* TASK INSTRUCTIONS: All the lines below need to be transcribed exactly. Pictures get left out.

--- GIVEN DATA Enclosed Below ---

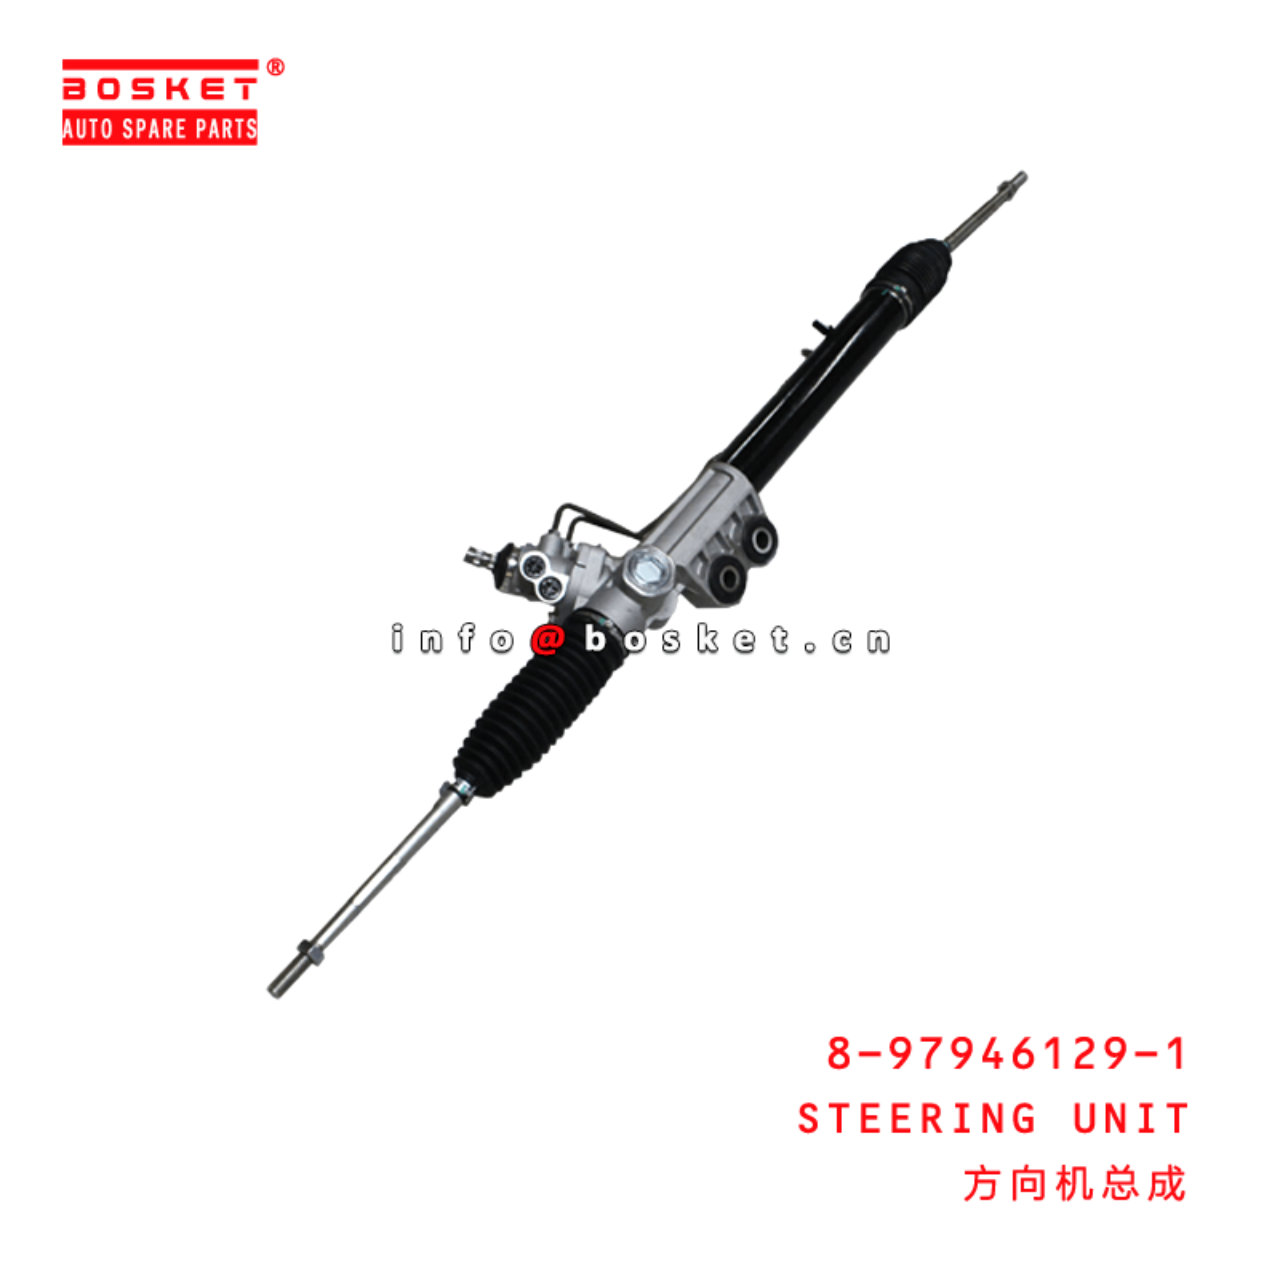 8-97946129-1 Steering Unit 8979461291 Suitable for ISUZU D-MAX 2012-2020
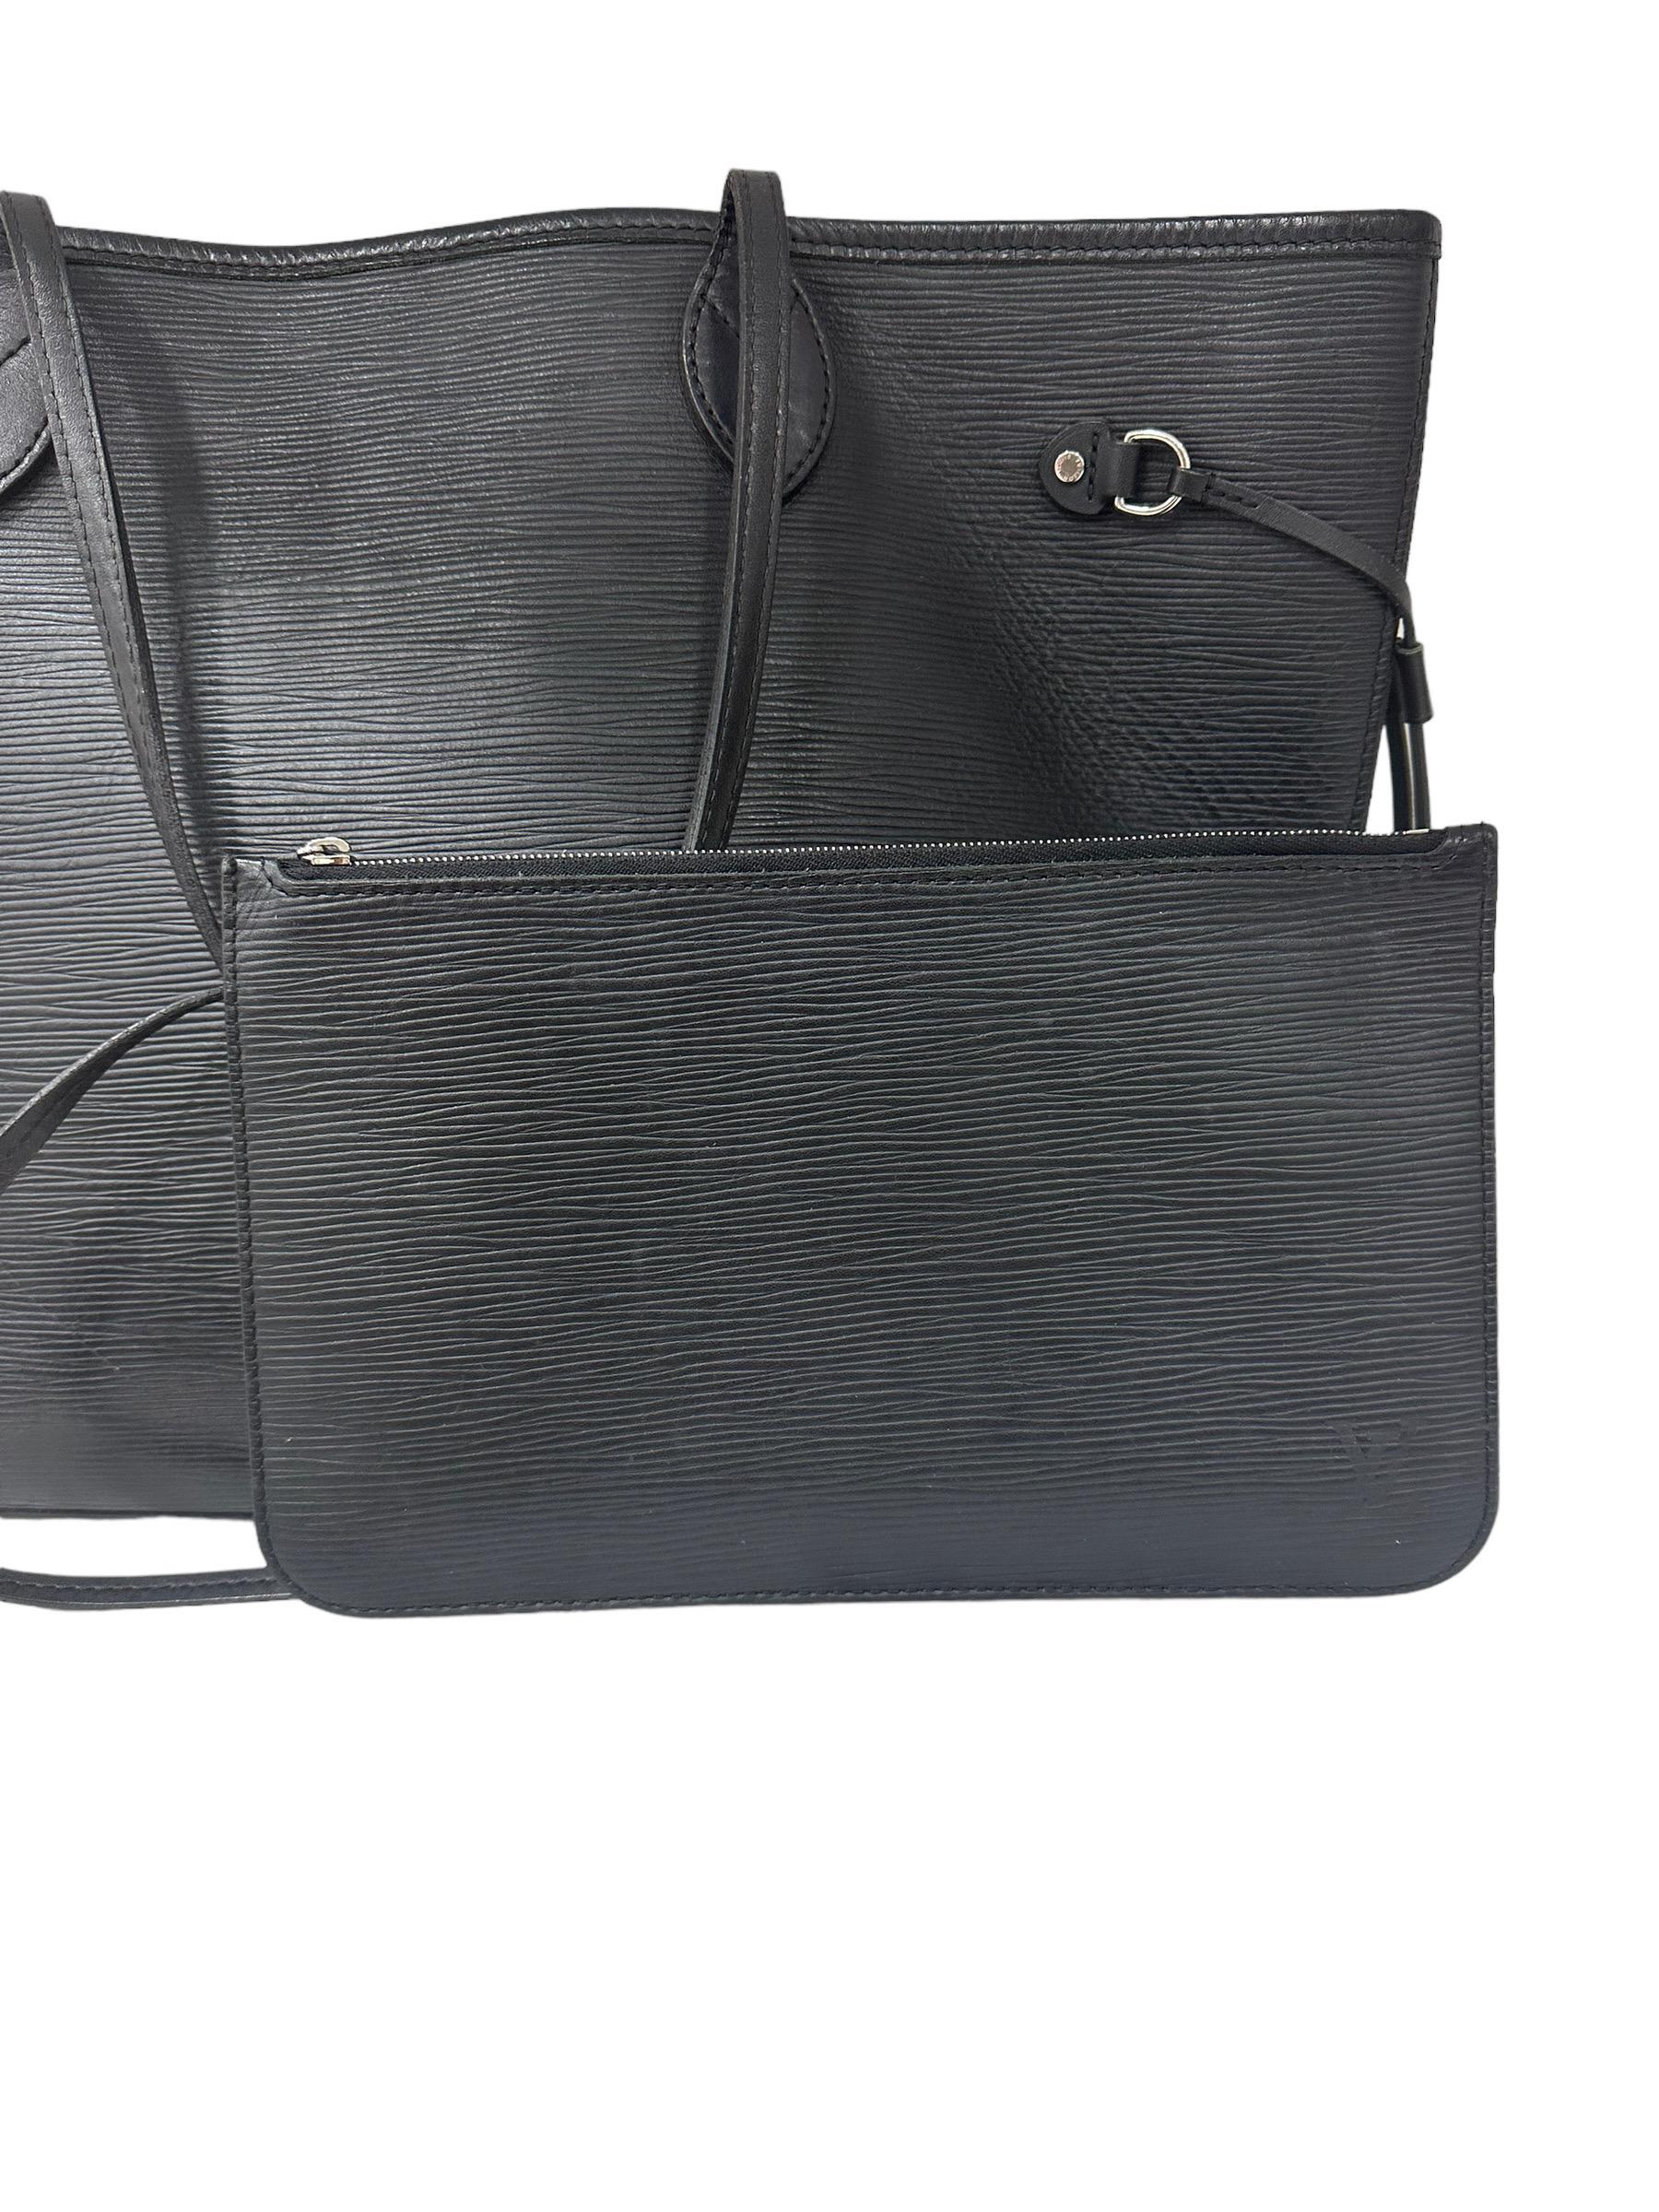 Louis Vuitton Neverfull MM Black Epi Leather Shoulder Bag 7
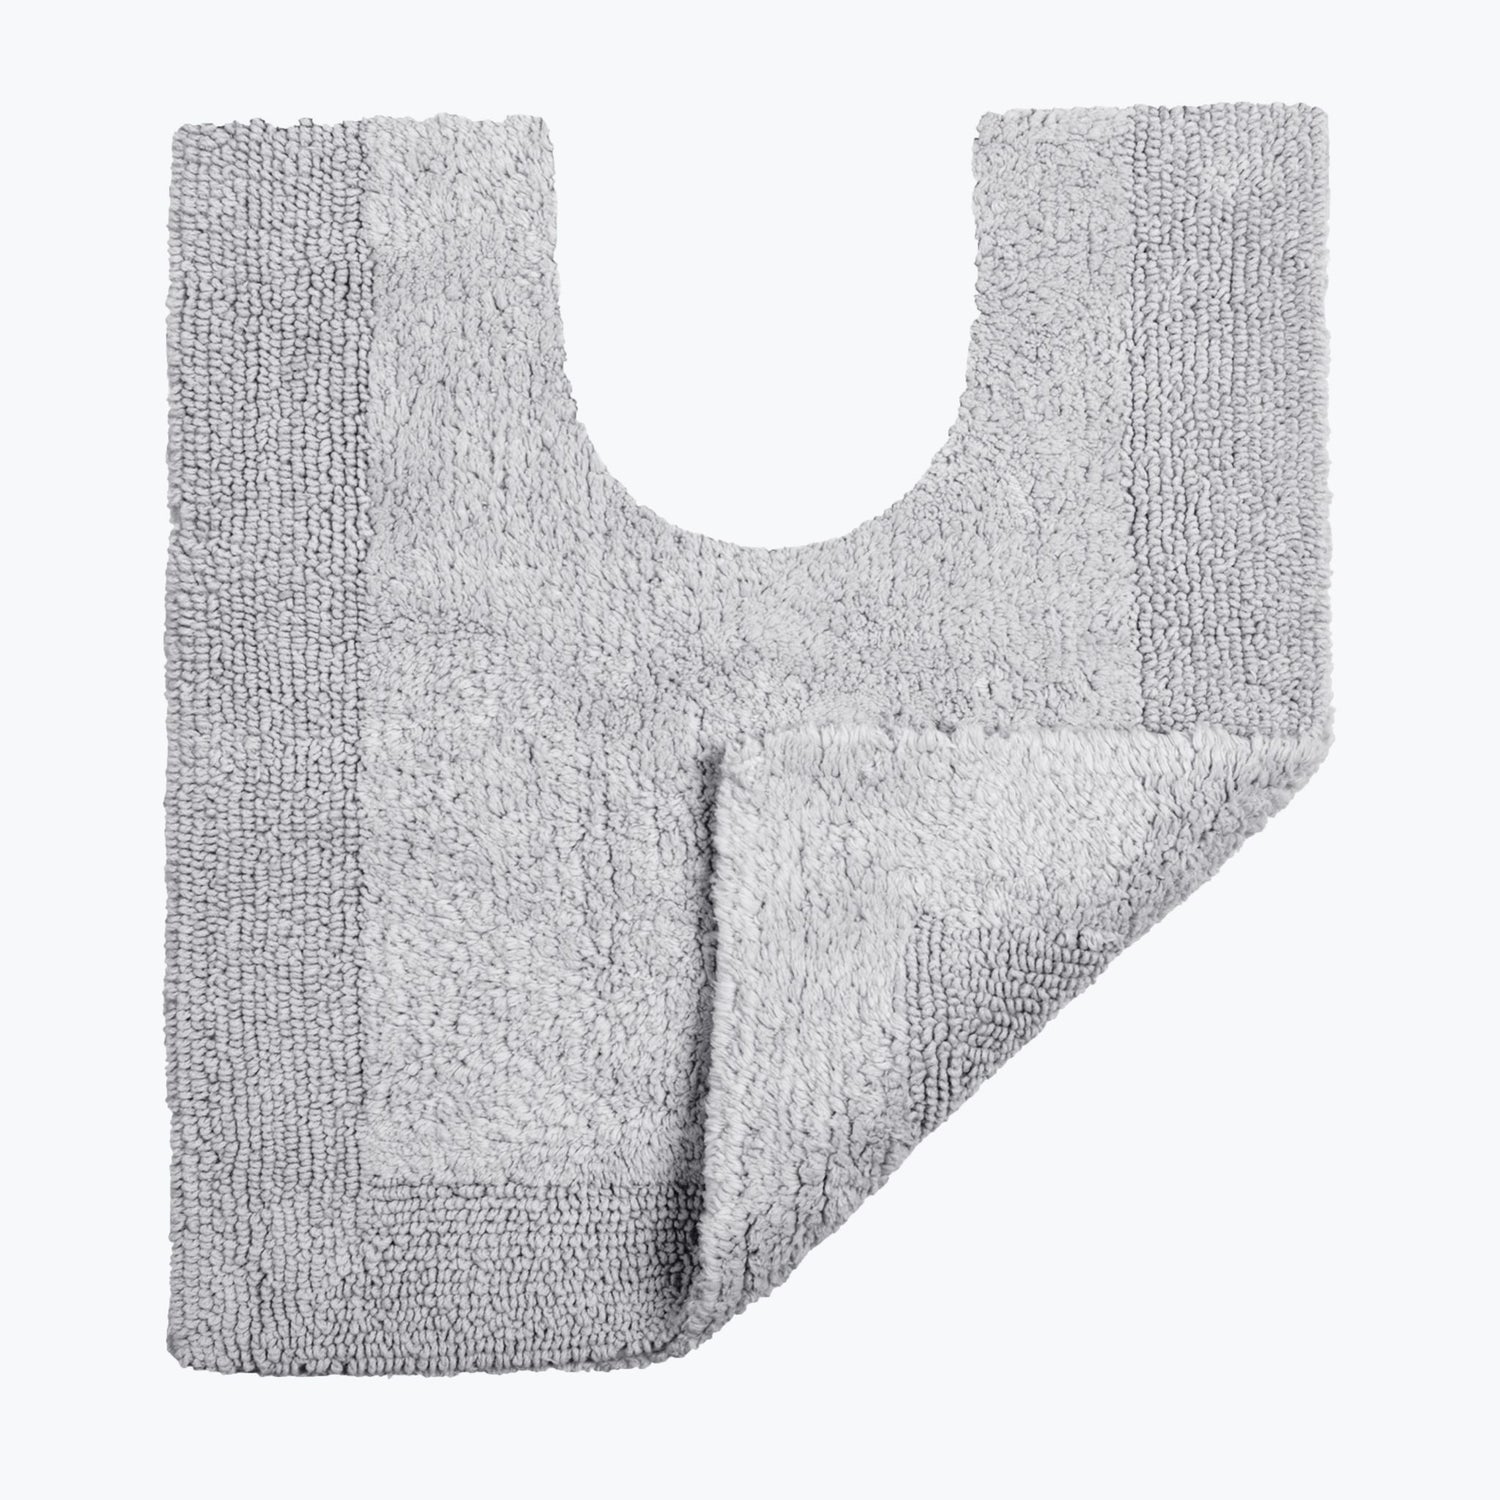 Dove Grey Reversible Toilet Mat - Super Soft Cotton Pedestal Mat

--- End of Enclosed GIVEN DATA ---

* ANSWER BOX:
 8-97946129-1 Steering Unit 8979461291 Suitable for ISUZU D-MAX 2012-2020
 Louis Vuitton Neverfull MM Black Epi Leather Shoulder Bag 7
 Dove Grey Reversible Toilet Mat - Super Soft Cotton Pedestal Mat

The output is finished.